So those characteristics were exactly what interested you for the according work with Smith N Hack?

Yes, we wanted to make a tribute and as we both love his music we were sure very soon that he should be our first candidate.

At the time it was peculiar, because most other producers with similar projects concentrated on music on the electronic end of disco, where the gap was not so wide apart. It was a very different approach to funk.

Yes, we messed around with so many different things on that album. Some elements are recognizable, but most aren’t.

So who are your other candidates for a tribute?

Well, we are already working on an Italo Disco/Moroder-type project. “Space Warrior” was kind of a taster for that.

> Cloud One – Charleston Hopscotch (1977)

Even by the standards of Patrick Adams the Cloud One album is very extraordinary.

Yes. The whole album is great but this is the absolute highlight for me. This moog synth solo in it is incredible, these squeaking sounds. It must be the sickest and greatest solo of all the tracks I ever knew.

This weird moog sound is pretty dominant in most of his productions around that time.

Yeah, but I think this is really the best track featuring it. It is really on point, extremely good.

I also find this flirtation with broadway and revue influences remarkable. You can also find that in other disco acts, like Dr. Buzzards’s Original Savannah Band or Carrie Lucas.

Yeah. This was also a very big influence on the Chicago sound. There was a time when this was on heavy rotation. I’m a big fan of Patrick Adams anyway. Tracks like “In The Bush” and “Keep On Jumpin’” were such hits for me. I don’t know exactly how many things he produced but it was a whole lot. He started writing songs at 15 or 16 and I read that he produced and played this whole album in one or two weeks. He recorded every single track in the studio and arranged it. He did everything on his own. Incredible.

He really developed his own trademark sound, and he was really exceptional.

Yeah, you can always recognize his music. His harmonies, the way he structures his stuff. I think this is really great. There are some hooklines, pianos, certain melodies or weird breaks that keep reappearing in his music, but I always love it. He also had this huge amount of labels, and the releases were among the first 12”s to be done. Commercially the Salsoul 12”s had more impact and were earlier on, but he also did that around that time.

He certainly was very versatile. “In The Bush“ is very straight four to the floor for example, while this is very groovy and bouncy.

Yes, but all his tracks have a theme and all the instruments support it. I do not like his 80’s productions as much but his 70’s ones are brilliant, and he produced a huge amount of music then.

> Roni Griffith – Spys (1982)

This is a prime example for the Bobby Orlando sound.

By all means.

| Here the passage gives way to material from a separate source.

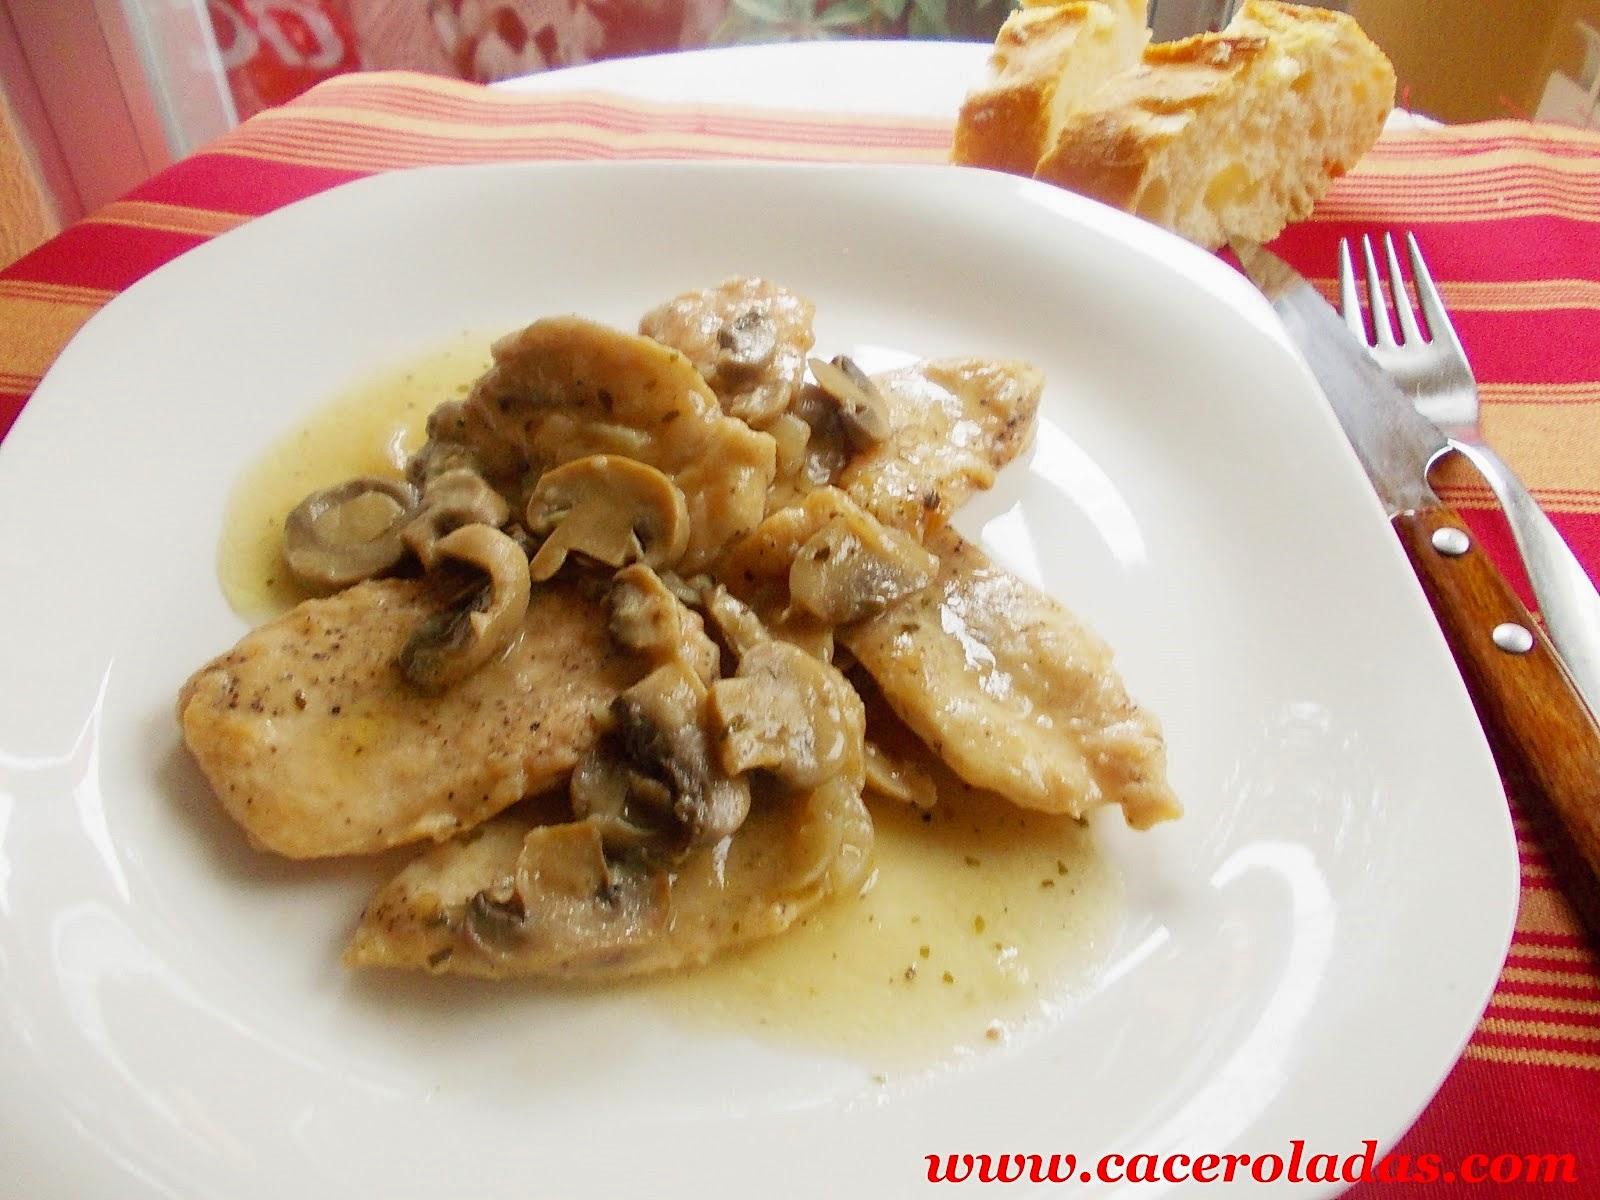 Filetes de Pollo en Salsa de Champiñones Filetes de Pollo en Salsa Con
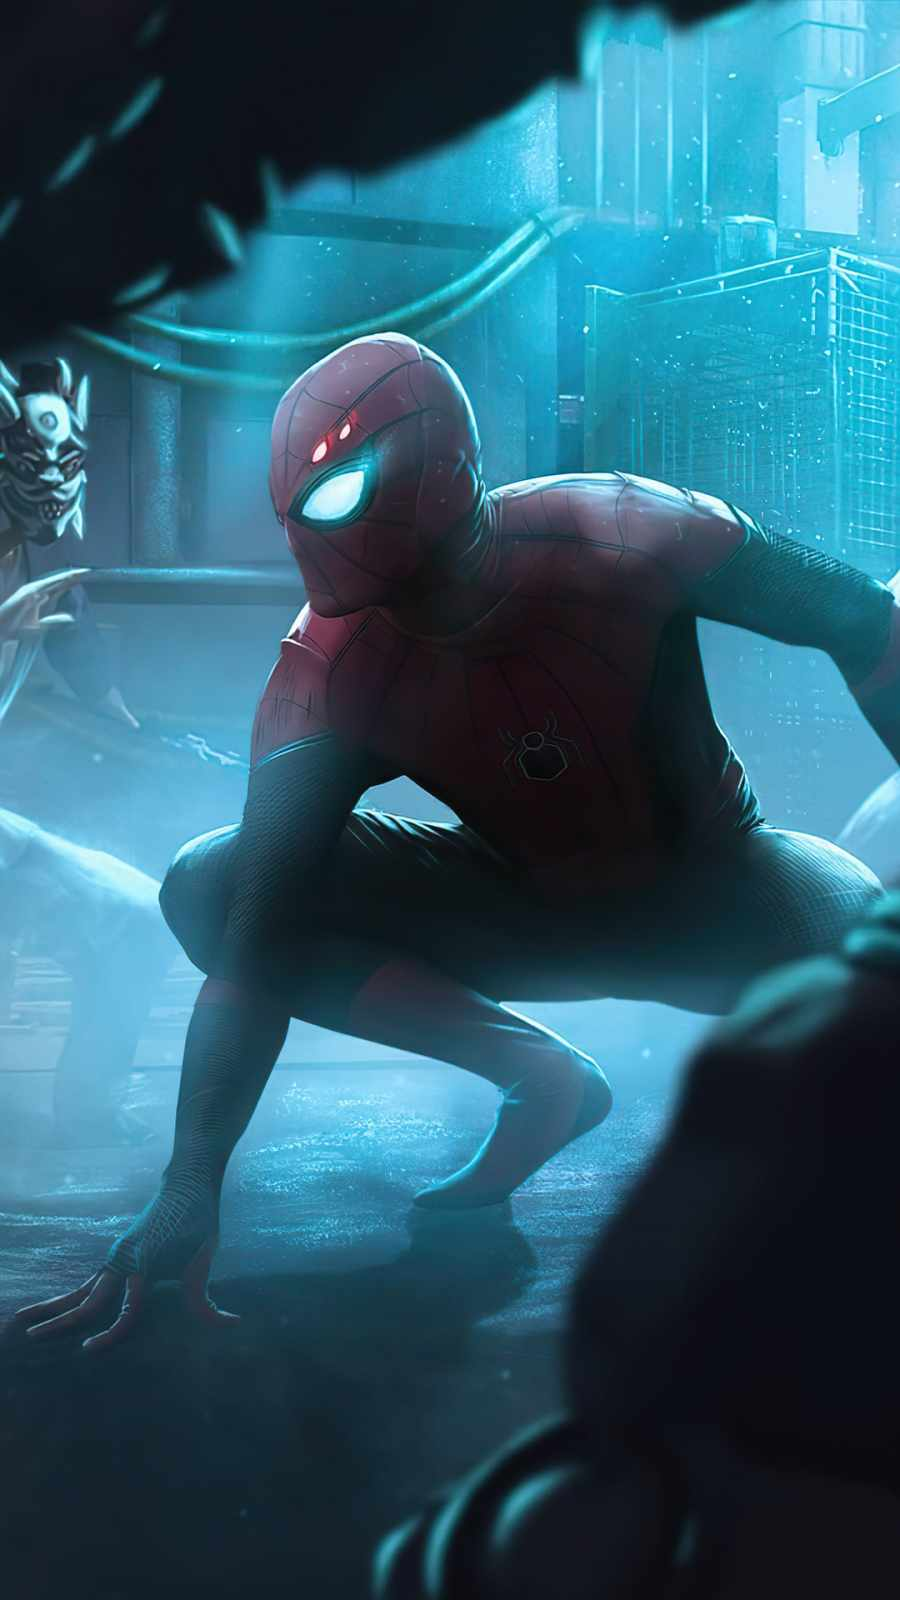 Spiderman Neon Glowing World

His sequencer basslines are totally outstanding and still absolutely modern. You can still find this sound in a lot of productions, it never ages.

It did not only pave the way for Hi-NRG, it stayed on far beyond that.

Definitely. This track is incredibly beautiful, it has the perfectly right combination of elements. This special bass drum, and a little kitsch above.

I think Bobby Orlando originally wanted to be a regular flashy rock star, and you still hear traces of that in his sound, however outlandish it appeared. Roni Griffith for instance is pretty much the rock lady type.

Oh yeah. He also did a lot of terrible tracks. But here it all fits together somehow. Patrick Cowley’s productions were similar, but more queer in comparison, and also a bit more kitschy. But especially these Orlando synth and bass lines really showed the way and they are still so important today.

It is astonishing that he only required such a small array of trademark elements during his peak period. He always has the same bassline, the same synth pad and the same bass drum, with this triangle sound on top. His performers were diverse though, especially Divine.

I can’t help being amazed by his basslines. They sound so outstanding and yet they are so simple and efficient. It is an integral part of house and techno to produce a significant bassline, it will always be. And these Orlando basslines are a cornerstone for the whole thing that will always be valid.

> Taana Gardner – When You Touch Me (1978)

A landmark Larry Levan mix. It’s structured like “Love Hangover” by Diana Ross. A long downtempo intro and then it goes off.

Yes, there are a lot of tracks at that time which use this intro pattern. But I usually skip that and go right into the quicker part of the track (laughs). I like Taana Gardner’s voice very much. She sounds so twisted but she really gets into your head. And this is an incredibly beautiful track. The bassline is just brilliant.

Do you draw a line between the disco heritage of Chicago and New York ? In a lot of historical accounts of the era the styles of Larry Levan and Ron Hardy are told apart, but I think a track like this blurs this distinction completely.

Yes, definitely. This track got a lot of play by both to begin with. It was one of Ron Hardy’s favourites. And it is a track that unites anyway. I think you can not really determine if this is the typical New York sound or something else, it fits any place.

It already leads to house, in the way that there is hardly any traditional song structure. It’s pounding four to the floor, with some verses but no real refrain.

Definitely, she just recites some lines over and over, with this dominant bass pounding underneath.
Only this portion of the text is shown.